Hey sweets,
I have thought about adopting a special needs child, but my husband
isn't......grrrrrrrrrr - I guess I could just do it and he would learn to
love the child, but then, I would be put in "time out" lol........not a good
thing to do huh? I do believe that God will answer my prayer. If not, then
it's not meant to be....oh gosh, that was so hard to write. I just wrote
this l-o-n-g email to you about my adoption stories and BAMB - AOL kicked me
off line (what else is new) and the email was lost. DARN - all that typing
too.........crud.......lol
Pete, my husband, and me did go through Catholic Charities for adoption. We
were one of the first 10 couples in line to adopt. When our time came for
the house inspection, we were excited. First she made fun of my poor little
cat we just adopted. She said he was too skinny, I explained we just had him
for a week and he did put some weight on - she shook her head and wrote
something in her book. Then our 2 bedroom ranch was small but quaint she
said...will we be getting a larger house. We said maybe, but this house and
yard is plenty for us and a child. Again, the head shook and she wrote in
her book. Then, she asked about our family - when she learned that both my
Dad and Pete's Dad were alcoholics, she wrote heavily and long in her book.

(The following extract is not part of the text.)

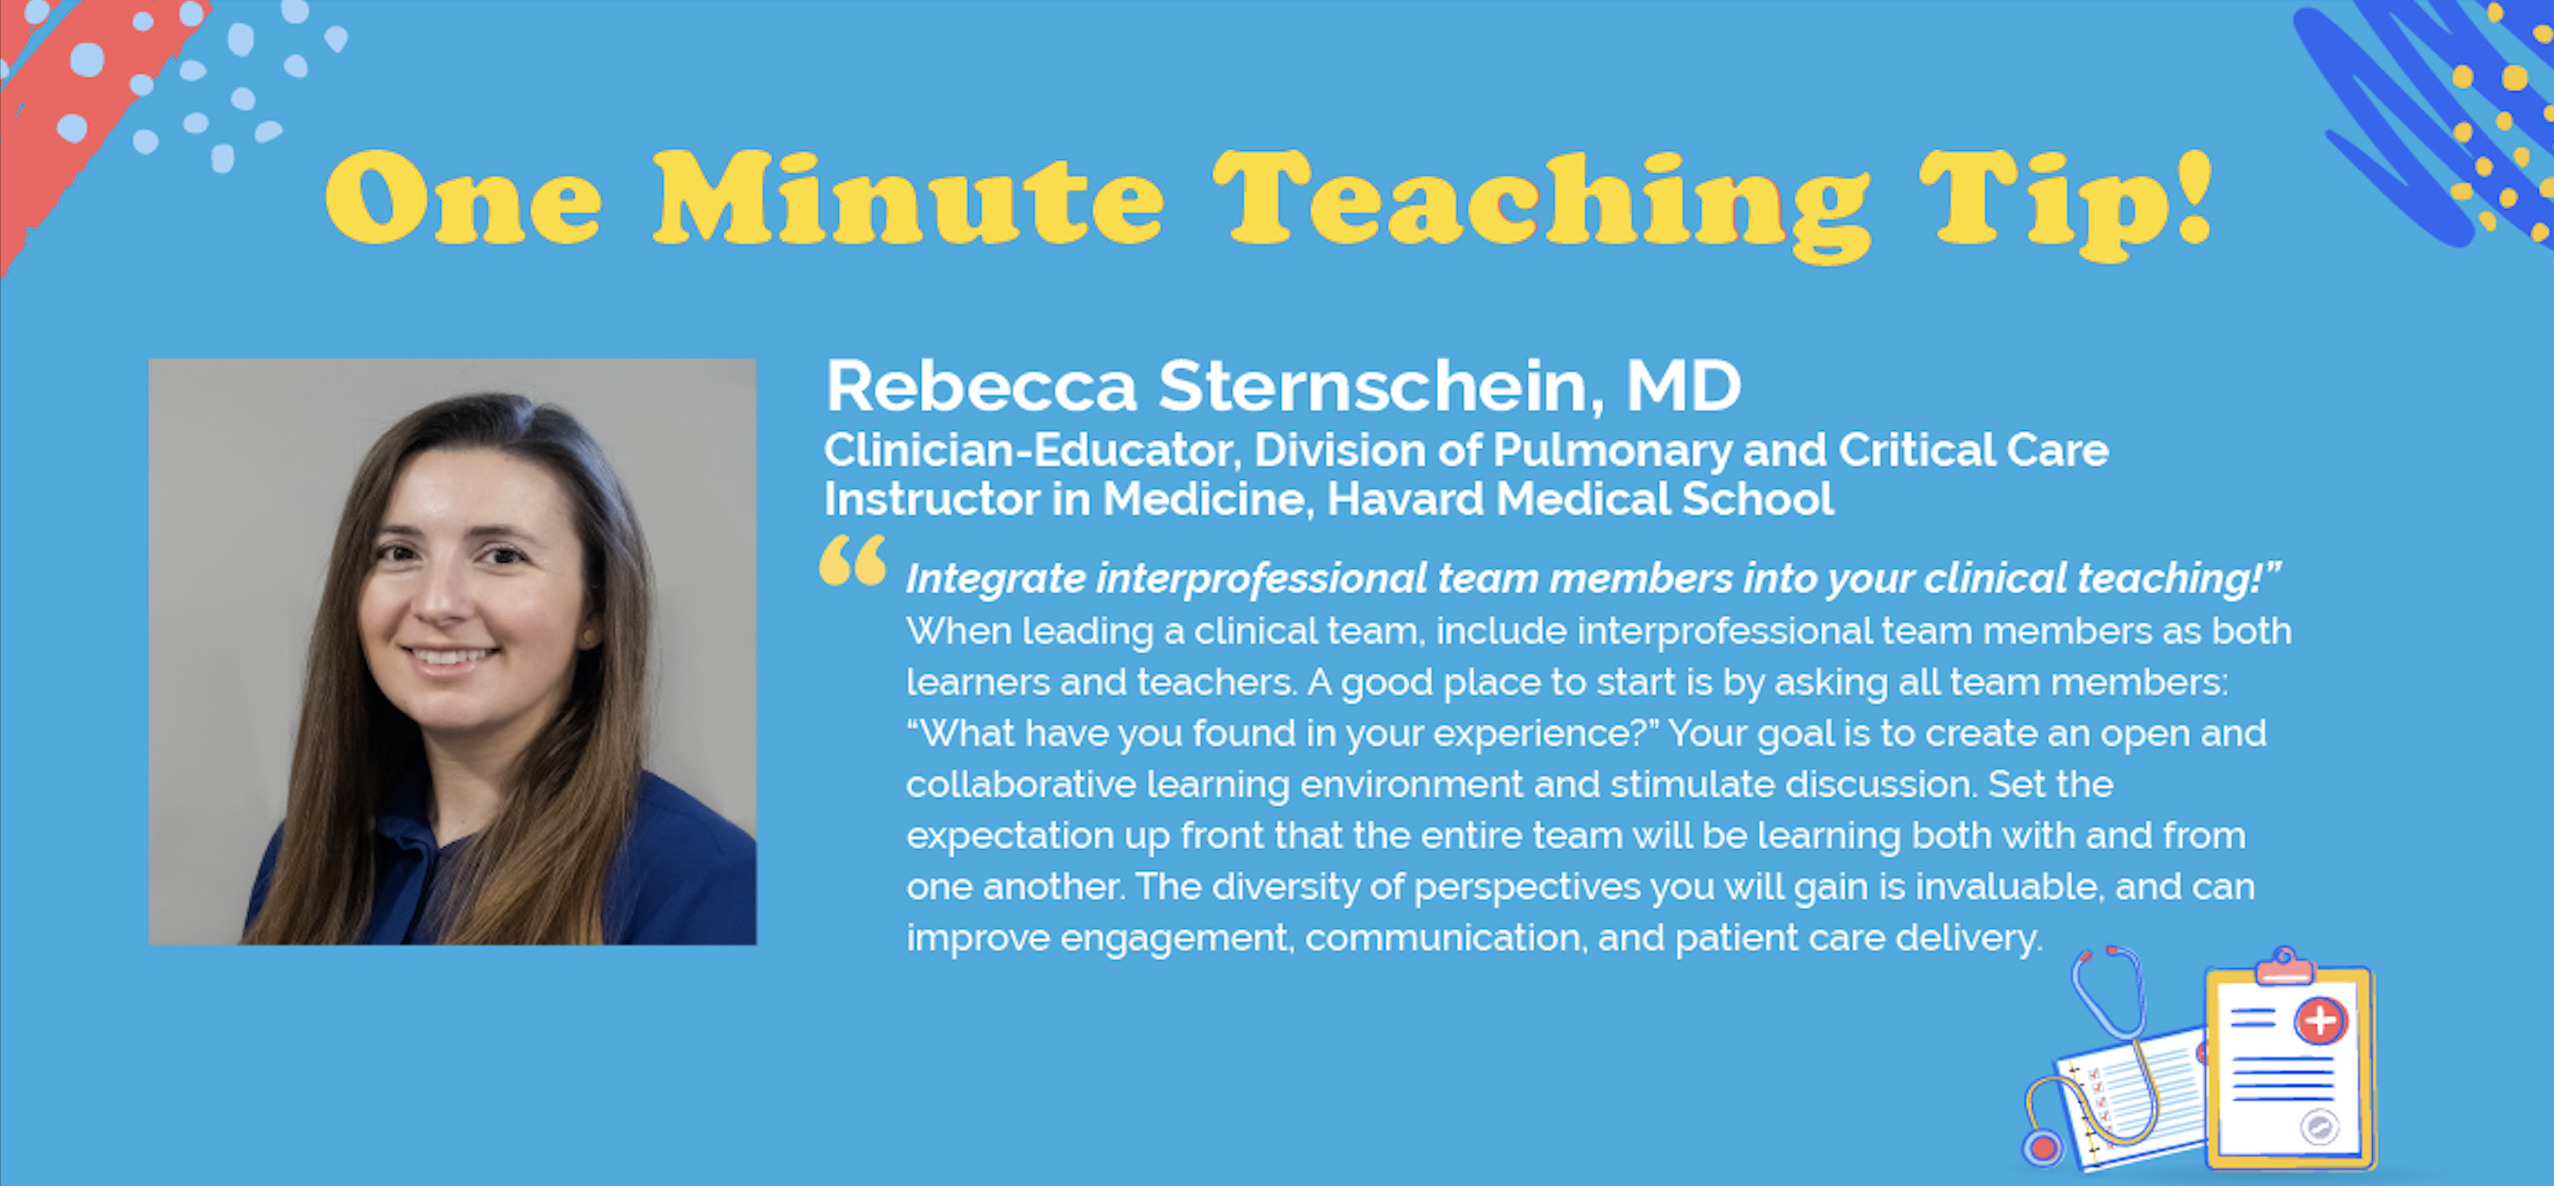 Rebecca Sternschein teach tip pic

She took a look at us and said, well, because both your Dad's were
alcoholics, this means that you are too. On that note, she left and said,
I'll call you. Pete and I just looked at each other, not wanting to say
anything to each other in fear that we would hurt each other. Needless to
say that 6 years has passed now, with no word on any adoption! One of my NH
friends had a relative that was pregnant and couldn't keep the child. So she
thought of us and asked if we would adopt her family members child. YES!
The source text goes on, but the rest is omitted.